For non-hugetlbfs page faults, instead of returning VM_FAULT_SIGBUS for an error entry, return VM_FAULT_HWPOISON. For most cases this change doesn't matter, e.g. a userspace program would receive a SIGBUS either way. But for UFFDIO_POISON, this change will let KVM guests get an MCE out of the box, instead of giving a SIGBUS to the hypervisor and requiring it to somehow inject an MCE.
Finally, for hugetlbfs faults, handle PTE_MARKER_POISONED, and return VM_FAULT_HWPOISON_LARGE in such cases.
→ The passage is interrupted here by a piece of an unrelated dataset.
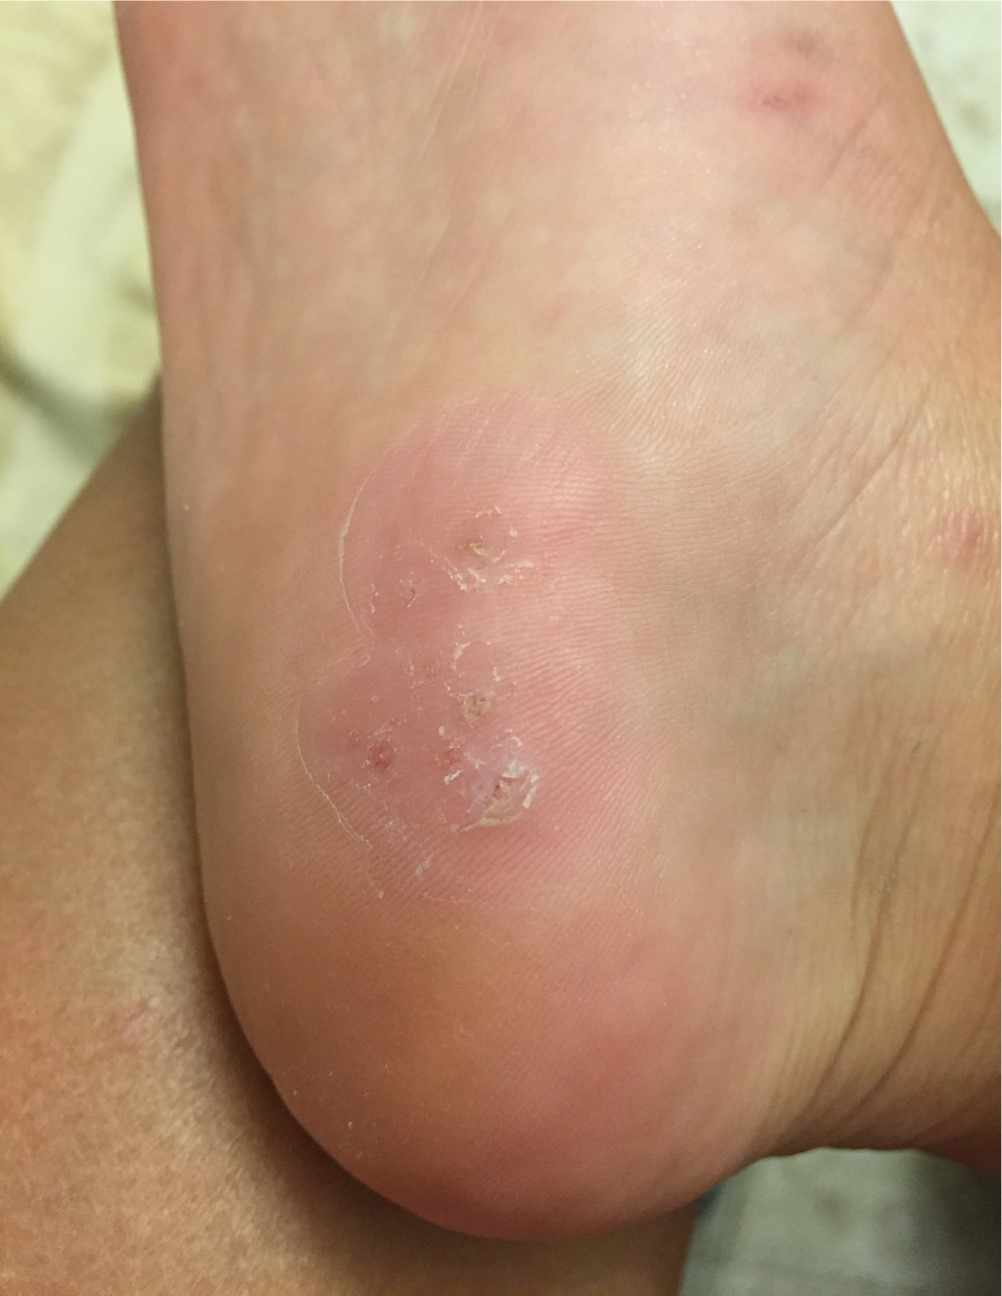 wart on foot or blister)

Note that this can't happen today because the lack of swap support means we'll never end up with such a PTE anyway, but this behavior will be needed once such entries *can* show up via UFFDIO_POISON.
--- a/include/linux/mm_inline.h +++ b/include/linux/mm_inline.h @@ -523,6 +523,25 @@ static inline bool mm_tlb_flush_nested(struct mm_struct *mm) return atomic_read(&mm->tlb_flush_pending) > 1; } +/*
- Computes the pte marker to copy from the given source entry into dst_vma.
- If no marker should be copied, returns 0.
- The caller should insert a new pte created with make_pte_marker().
- */
+static inline pte_marker copy_pte_marker(
swp_entry_t entry, struct vm_area_struct *dst_vma)
+{
- pte_marker srcm = pte_marker_get(entry);
- /* Always copy error entries. */
- pte_marker dstm = srcm & PTE_MARKER_POISONED;
- /* Only copy PTE markers if UFFD register matches. */
- if ((srcm & PTE_MARKER_UFFD_WP) && userfaultfd_wp(dst_vma))
dstm |= PTE_MARKER_UFFD_WP;
- return dstm;
+}
Breaks the build with CONFIG_MMU=n (arm allnoconfig). pte_marker isn't defined.
I'll slap #ifdef CONFIG_MMU around this function, but probably somethng more fine-grained could be used, like CONFIG_PTE_MARKER_UFFD_WP. Please consider.
btw, both copy_pte_marker() and pte_install_uffd_wp_if_needed() look far too large to justify inlining. Please review the desirability of this.